In the first place, Chibwe says, when financials of the companies in the group were consolidated starting 2011, Tongaat introduced a controversial payment, which he implies was corrupt and fraudulent, of 2% of gross sugar sales as “technical fees” paid by Hippo Valley to it when no such services were actually rendered — which was institutionalised theft.

He says Tongaat also allowed illegal borrowings between Hippo Valley and Triangle at above bank rates “in contravention of the law”.

 “In its substance, the forensic report is grossly inaccurate and can easily pass off as a hatchet job meant to soil my name, career and reputation,” Chibwe says.

“The whole forensic audit process was unlawful and nothing can depend on it. For the benefit of the parties, its invalidity must be pronounced and set aside. Further, the substance of the audit report is clearly questionable, unsatisfactory and, most importantly, unlawful. The auditors could not provide the necessary link alleged between myself and the alleged malpractices. The whole audit does not particularly point out my involvement and my role within the two respective boards in the alleged malpractices. There cannot be a forensic investigation which convicts me in a ‘crowd’.”

 Chibwe laments that he is viciously condemned and vilified without justification.

“Crucially, in their report, the auditors do not allege nor demonstrate that I violated any law in Zimbabwe. They do not allege that I failed to discharge any of the mandates bestowed upon me by the respective boards of directors of the 1st (Zimbabwe Sugar Sales) and 2nd (Hippo Valley) respondents,” he says.
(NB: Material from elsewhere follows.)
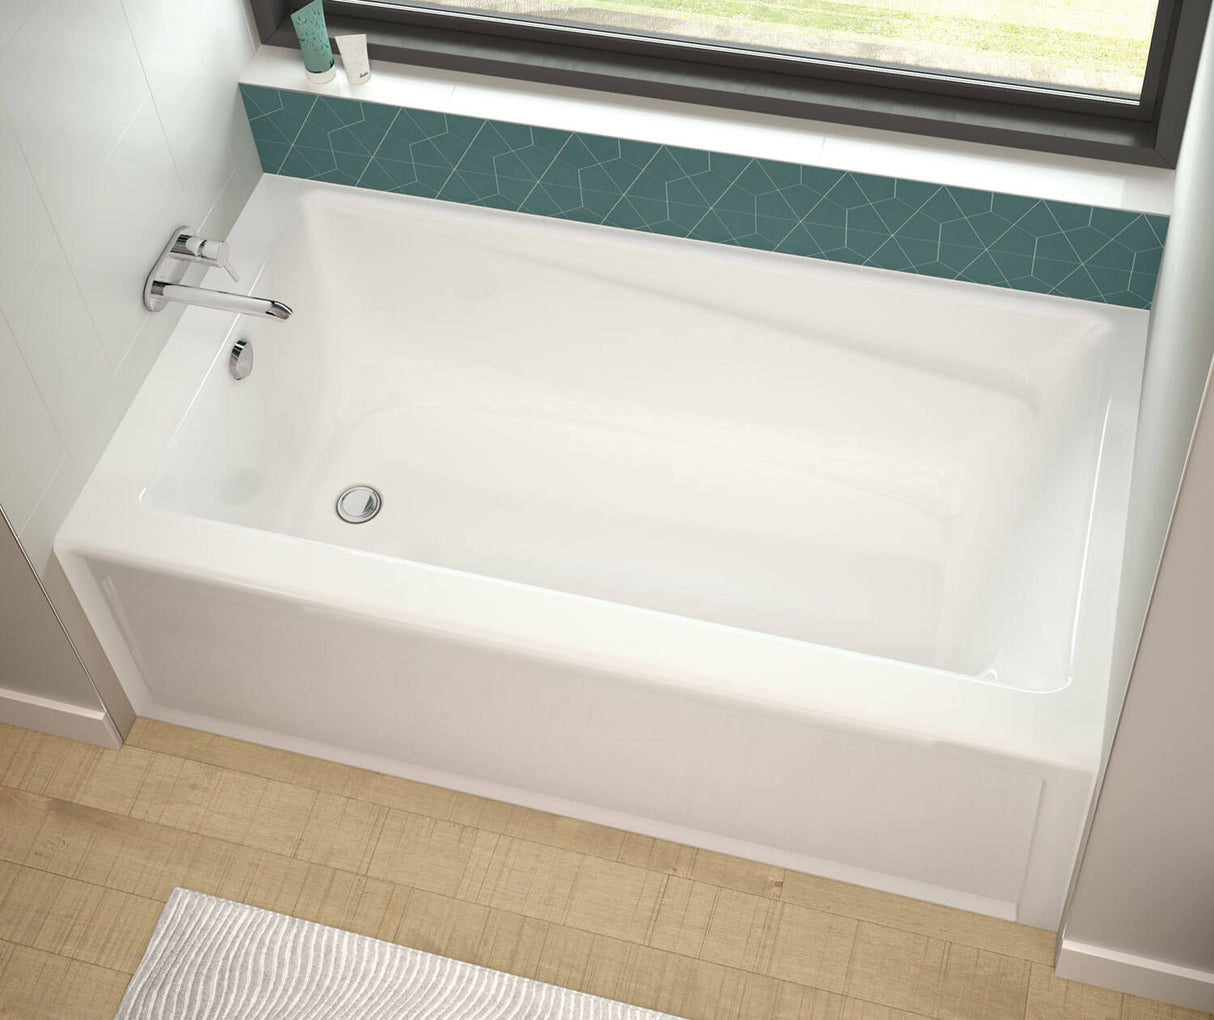 MAAX 105520-097-001-100 Exhibit 6032 IFS Acrylic Alcove Left-Hand Drain Combined Whirlpool & Aeroeffect Bathtub in White

“They do not allege nor demonstrate that I violated the Articles of Association of the 1st (Zimbabwe Sugar Sales) and 2nd (Hippo Valley) respondents. I am perplexed that in the absence of any wrongdoing in my respective capacity as a director, I am mercilessly condemned by the audit report.”

Chibwe says as a result of its wrong commissioning, unprocedural issues, illegalities, fatal flaws and a glaring lack of substance, the audit must be dismissed as invalid — a nullity — and set aside.